Он уселся удобнее и сверлил Габаля взглядом.
— Ты думаешь только о том, как оправдать родню, — произнес Заклат.
Габаль сделал над собой усилие, чтобы подавить возмущение, но голос его зазвучал резко:
— Я думаю о справедливости. Вы набрасываетесь на них с кулаками за малейшую провинность, порой вообще без причины. Да и сейчас ты думаешь только о том, чтобы заручиться поддержкой управляющего и устроить резню этих невинных.
Глаза Заклата сверкнули злобой:
— Твоя родня — преступники. Они убили Кодру, который охранял их имущество.
— Господин управляющий! — обратился Габаль к аль-Эфенди. — Не дайте этому человеку утолить свою жажду крови!
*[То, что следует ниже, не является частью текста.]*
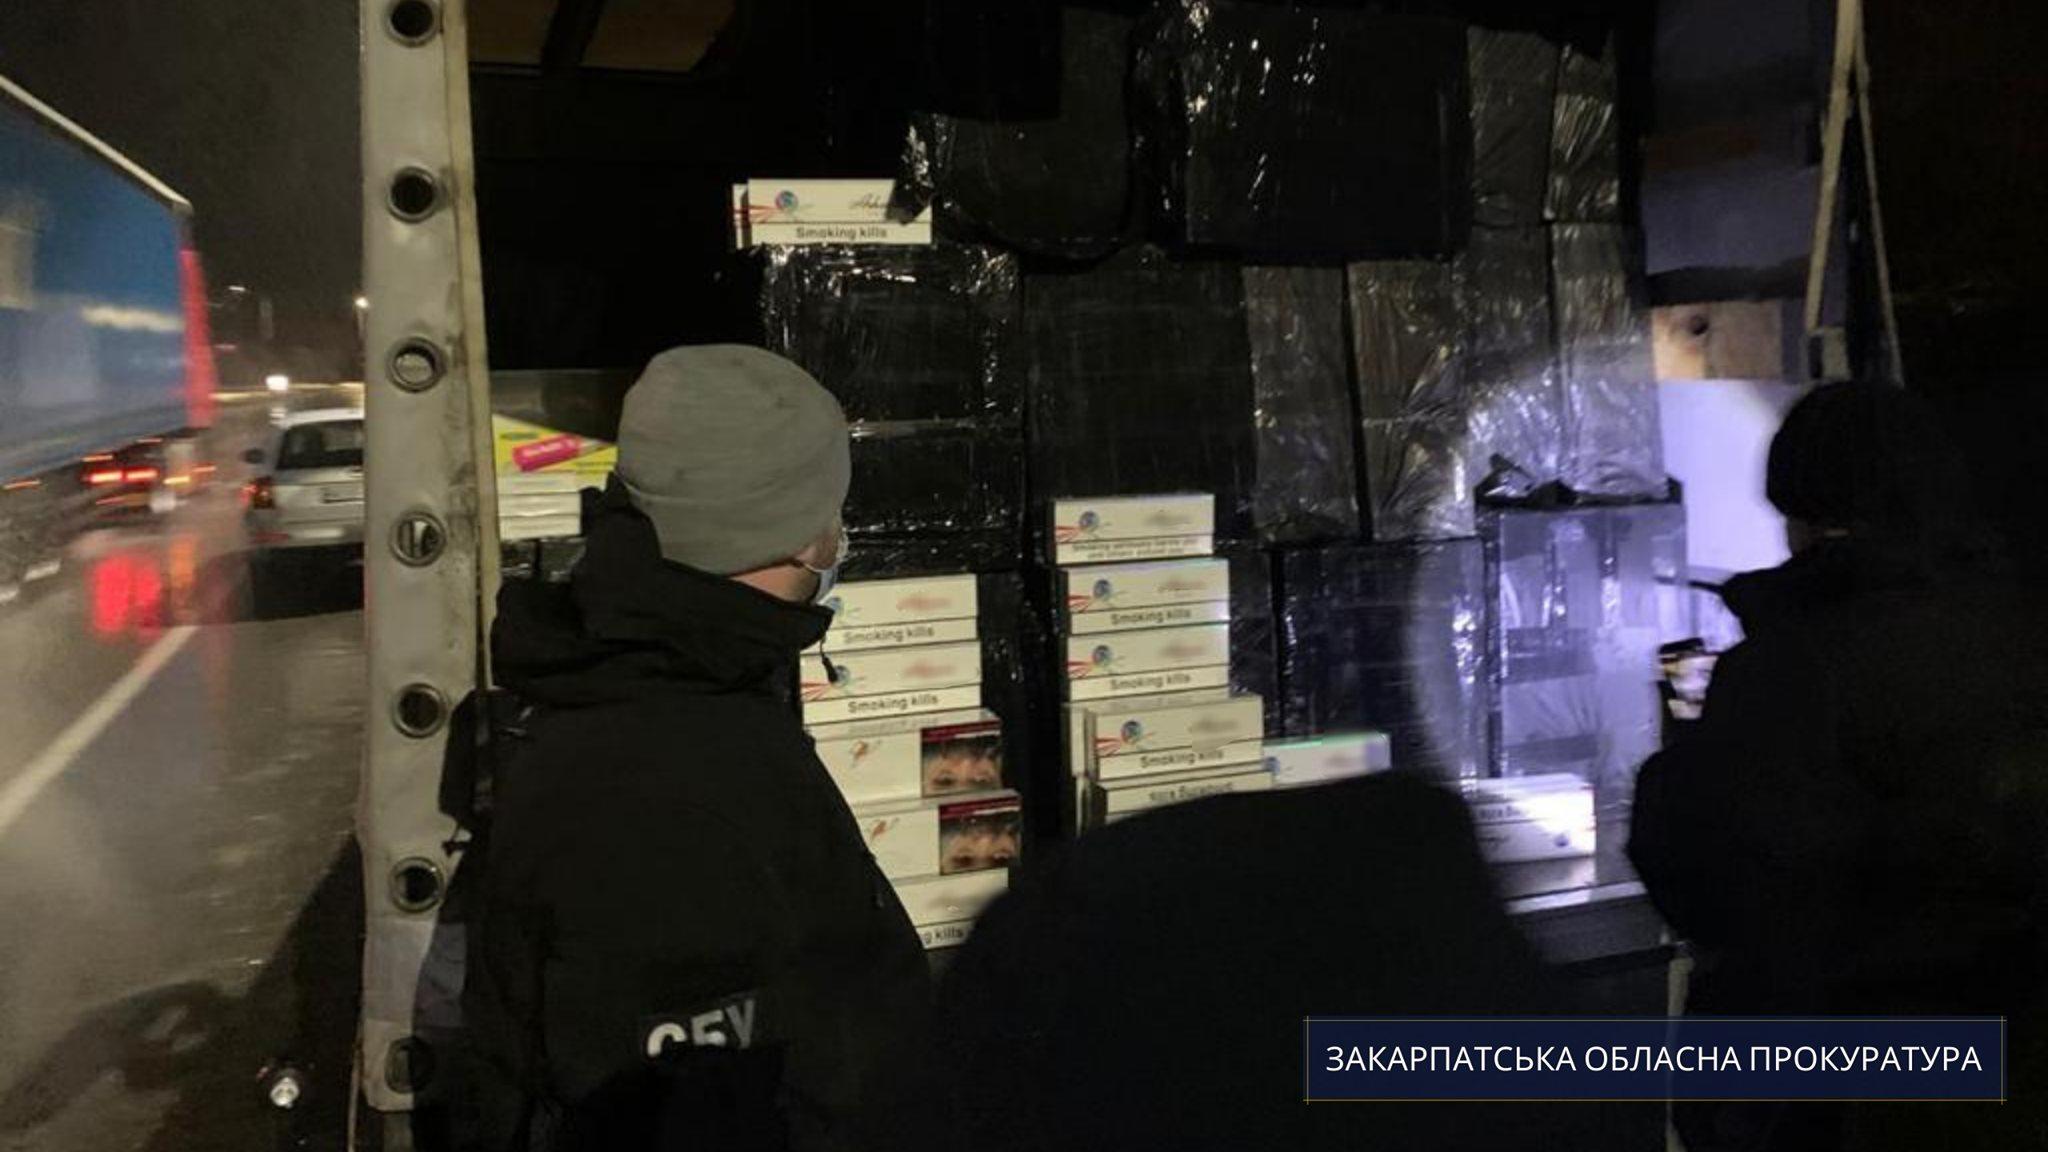 Слідчий суддя задовольнив клопотання, погоджене прокурором Закарпатської обласної прокуратури

— Если потеряем авторитет, то вместе с ним потеряем и жизни! — ответил аль-Эфенди.
Хода посмотрела на Габаля:
— Ты хочешь, чтобы нас похоронили заживо на этой улице?
— Забыв о своих благодетелях, ты печешься об убийцах, — с ненавистью выпалил Заклат.
В груди у Габаля нарастал гнев, он уже не мог сдерживаться:
— Они не убийцы! На нашей улице их хватает.
Рука Ходы сжала край голубой шали. Аль-Эфенди засопел так, что ноздри его задрожали, а лицо побелело. Довольный их реакцией, Заклат съязвил:
— Понятное дело, почему ты их защищаешь. Ты — один из них!
— Не могу поверить, что ты ополчился против преступников. Ты же их главарь!
Побледнев, Заклат резко поднялся.
— Если бы не твое положение в этом доме, я разорвал бы тебя на месте!
— Ты заигрался! — спокойно произнес Габаль, стараясь скрыть свои эмоции.
— Как вы смеете затевать такое в моем присутствии?! — воскликнул аль-Эфенди.
— Я сотру его в порошок, защищая твой авторитет! — коварно проговорил Заклат.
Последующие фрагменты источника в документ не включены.